How are you adjusting to the new position and new environment in Washington DC?

It is a huge shift from being a member of the legislature for 20 years to being a member of the executive. Nevertheless, I personally have been more attuned towards the work of an executive. Whatever job I have been elected or assigned to, adjustment has never been a problem. All one has to do is absorb the new situation and take it from there. As a former Speaker, I have travelled quite a bit and am familiar with different situations. However, there are always lots of new things to learn every single day. More importantly, old friends contribute and we have a very dedicated team in the office that makes my job much easier.

How many Tibetans are there in the US today, and what challenges do you find in meeting your responsibilities?
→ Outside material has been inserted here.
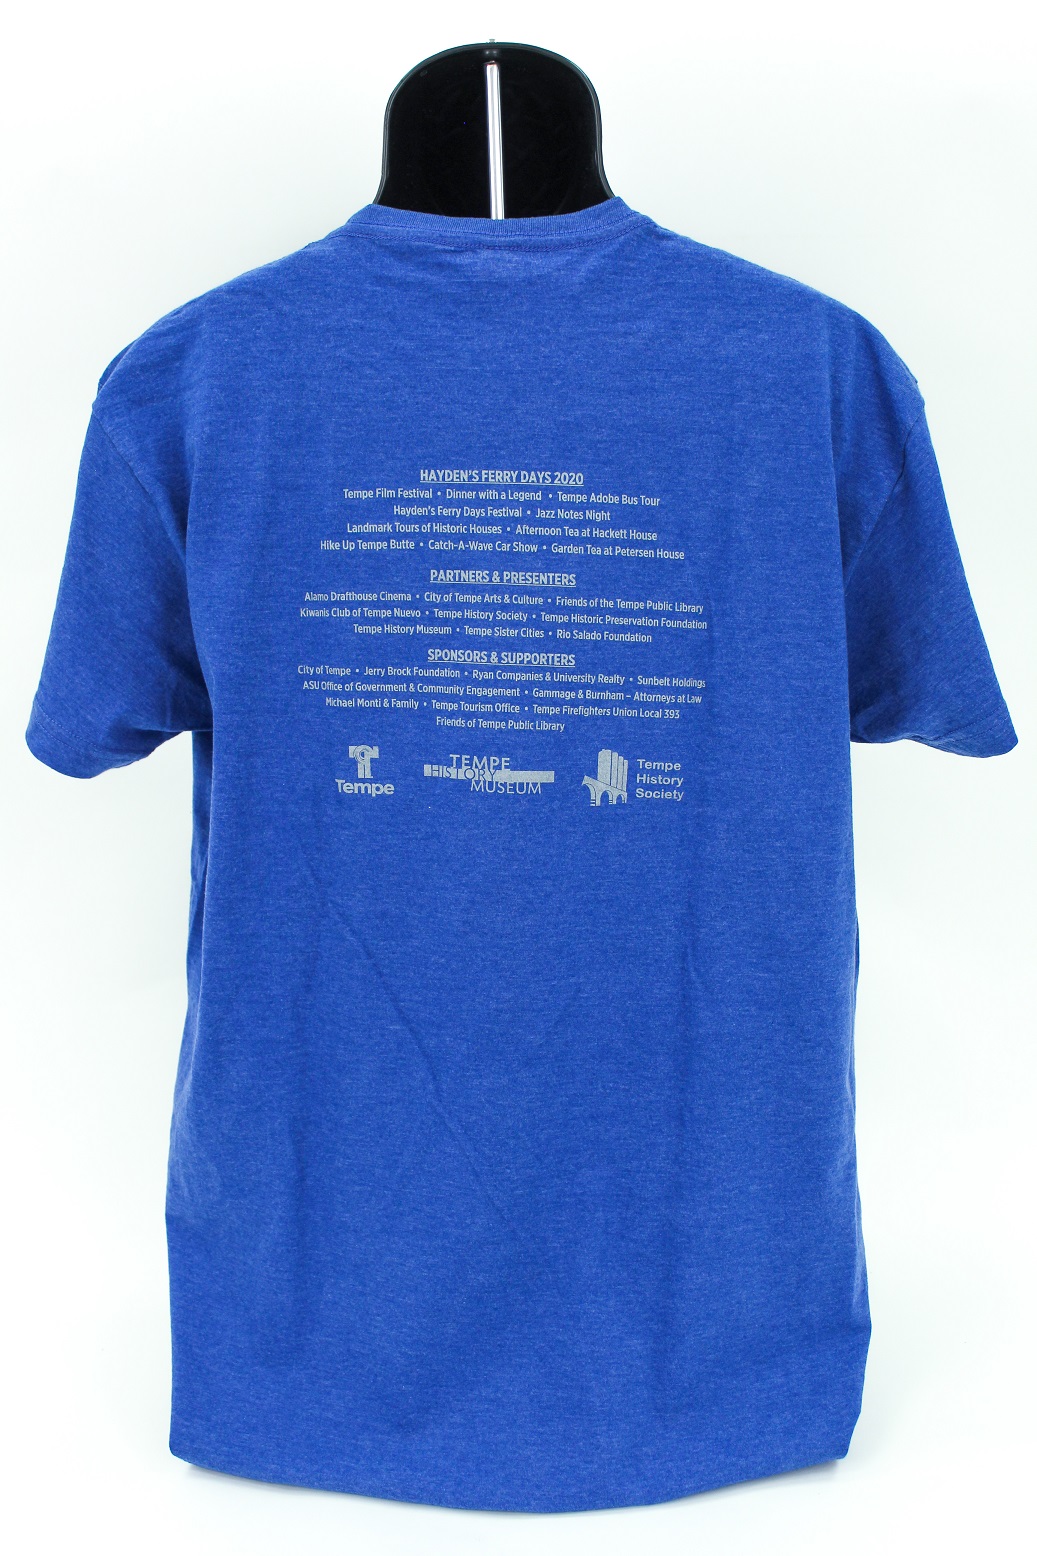 T-Shirt: Hayden's Ferry Days 2020 - Tempe History Society

There are about 25,000 Tibetans in more than 30 different places in North America. That constitutes about 17% of the 150,000 Tibetans in exile. And it is going to grow in the years to come. We are only 5 people in the office with a huge responsibility to reach out to governments and parliaments, think tanks and experts, Tibetan communities and Buddhist Centres, in both Canada and US.

We have already started working on the challenges. Our effort is to pool our energies together. Working with other entities on political actions, maintaining closer and committed relationships with Tibetan communities and the Buddhist Centres of all denominations for future collaborative work on preserving and promoting our unique Tibetan identity. One main focus is to reach out to the younger generations of Tibetans who were born and brought up in North America.

Donald Trump has surprised all the pollsters and most likely will occupy the White House for the next four years starting on 20 January. He is a businessman, not a Washington DC insider. In the recent bitterly-fought US elections Tibet was not even mentioned once. Considering these facts, how would the Tibetan issue fare during his presidency?

President-elect Donald Trump is an enigma to many, and often times the situation is seen as unpredictable. Tibet was not mentioned, but among the lists of books that he had read he mentioned at least two books on Tibet. Trump’s views on China are hotly debated. My understanding is that he will not kowtow to China, as China would like to see. That includes the matter of Tibet. These are some indications of things to come. We are working with International Campaign for Tibet to reach out to people at various levels in the government and the Hill to make sure that the new administration has the Tibet issue on top of the radar while dealing with China.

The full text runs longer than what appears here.